RESPONDING to last year’s General Synod debate on clergy pay and pensions, and requests that the Church Commissioners enable them to rise, the First Commissioner, Alan Smith, reminded the Synod of what had happened in 1992 when — in the later words of the Commons’ Social Security Committee — the Commissioners had “done more than any other single act to destroy the parish system of the national Church”. He was referring to a disastrous period when the Commissioners’ assets fell by £624 million — more than one fifth of their value (News, 23 July 1993). They had been speculating in retail property to meet commitments to increasing clergy pay and pensions.
Despite the current size of the Commissioners’ fund — £10.4 billion — a fear of over-extension still appears to haunt the corridors of Church House.
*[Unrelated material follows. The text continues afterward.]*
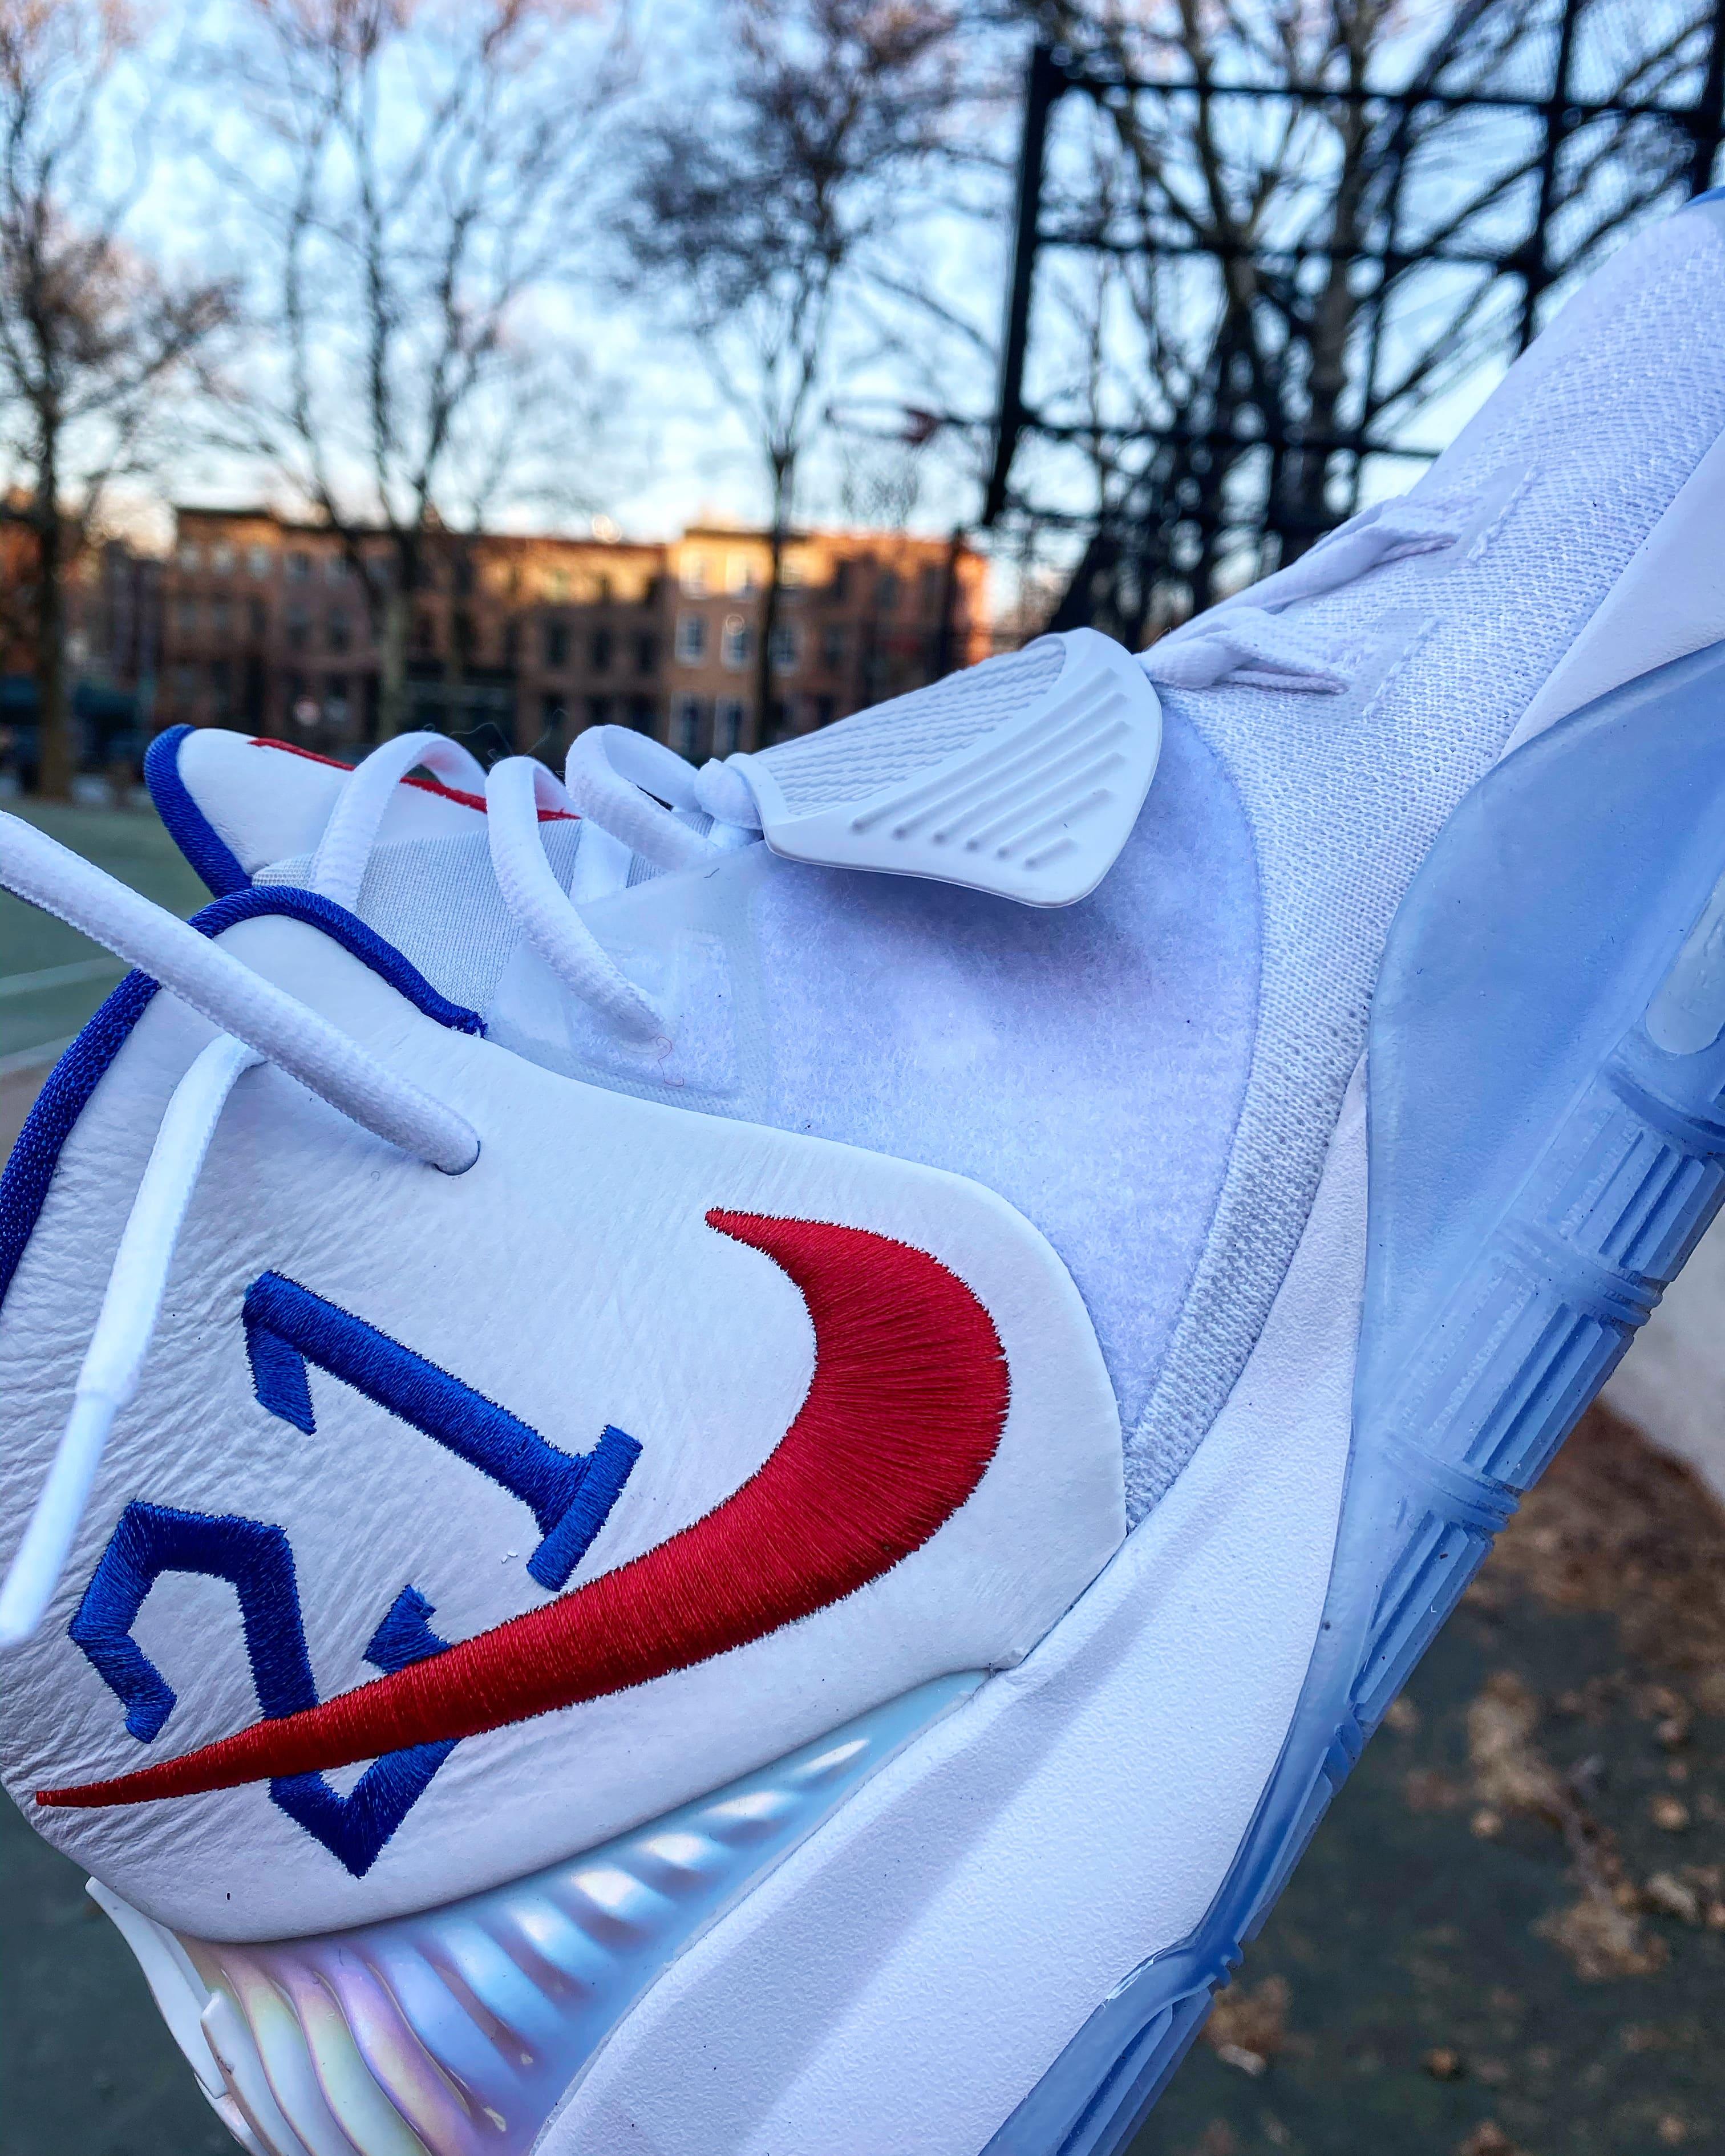 Nike iD Kyrie 6 x Full Court 21 - FC21

The history is certainly chastening. In The Church of England in the 20th Century (2006), Professor Andrew Chandler observed that, amid arguments over the proper use of funds, it was when the Commissioners concentrated their efforts on the “uncontroversial spheres” of stipends, pensions, expenses, and parsonages that they “descended into crisis”. When it came to pensions, it was “exceedingly difficult to be sure what the future held”, from ordinand numbers to the economy itself.
Concerns about lack of effective scrutiny of the national church institutions (News, 12 July 2024) are nothing new. “A forceful First Commissioner backed by the staff and the Assets Committee will always take some stopping,” one Commissioner, Sir John Herbecq, observed in 1994. But General Synod members working up the courage to ask questions about finance might draw inspiration from Mike Tyrrell, a Coventry layman, who expressed concern about “imprudent, ill-advised speculation” in 1991, months before the Financial Times broke the story. The portfolio would “prove itself” in the long term, he was told, with the promise that he would be talked to after the debate.
A different question is being asked today: whether planning remains coloured by the fear of past failures rather than the reality of decades of success. “There is currently no agreed plan for . . . what ‘enough’ funds with the Church Commissioners looks like,” the Gloucester diocesan secretary has said. “This only leads to tensions and discord.” The Bishop of Bath & Wells, Dr Beasley, who is set to propose the transfer of £2.6 billion from the Commissioners to diocesan stipend funds, warns that the magnitude of their fund acts as an “active discouragement” to giving. While the Commissioners point to large increases in their allocations to dioceses, frustration with the conditions attached to these is growing. Dr Beasley’s motion is an opportunity for this to be aired before a further set of spending plans is agreed.